Wiring an MCP gateway against an Entra tenant where the gateway must read the signed-in user's mailbox through a Graph-backed MCP server is a common source of 401s from Microsoft Graph. The cause is usually a wrong question to Entra: "give me a token to call Graph" versus "give me a token to call Graph as the user who is calling me right now." Those are not the same request, and they do not use the same OAuth grant.

That distinction is what On-Behalf-Of (OBO) solves. Entra OBO MCP integration is a Microsoft-specific token exchange that lets a middle-tier service obtain a downstream token without re-prompting the user.
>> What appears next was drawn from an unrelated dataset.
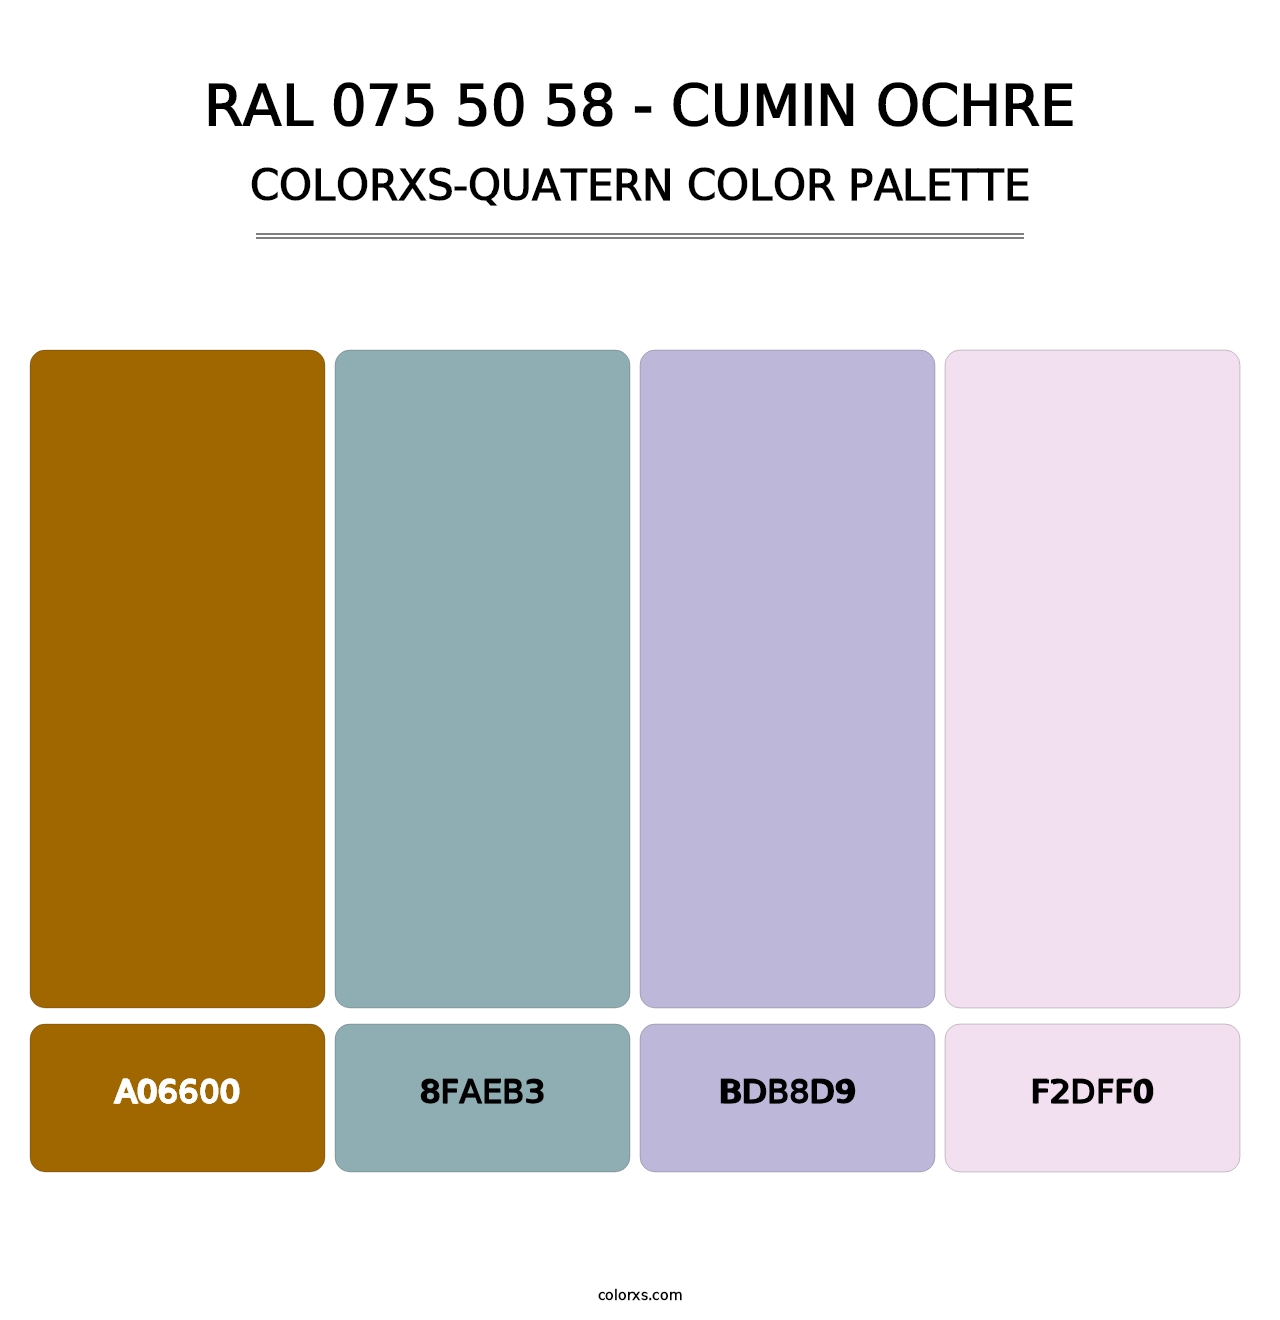 RAL 075 50 58 - Cumin Ochre - Colorxs Quatern Palette

For an MCP gateway sitting between an AI app and a Microsoft-protected MCP server, OBO is how the original user's identity is preserved on every downstream call instead of being melted into a shared service account.

This note is for teams whose IdP is Entra and who are standing up an MCP gateway in front of it. It defines OBO, shows when it is needed versus plain access tokens or client credentials, walks through the four params of the exchange, and ends with a runnable curl. A broader spec view of enterprise MCP auth lives in Enterprise-Managed Authorization for MCP — OBO is the Microsoft-flavored cousin of the same idea. For OAuth basics see MCP OAuth 2.1 Quick Reference.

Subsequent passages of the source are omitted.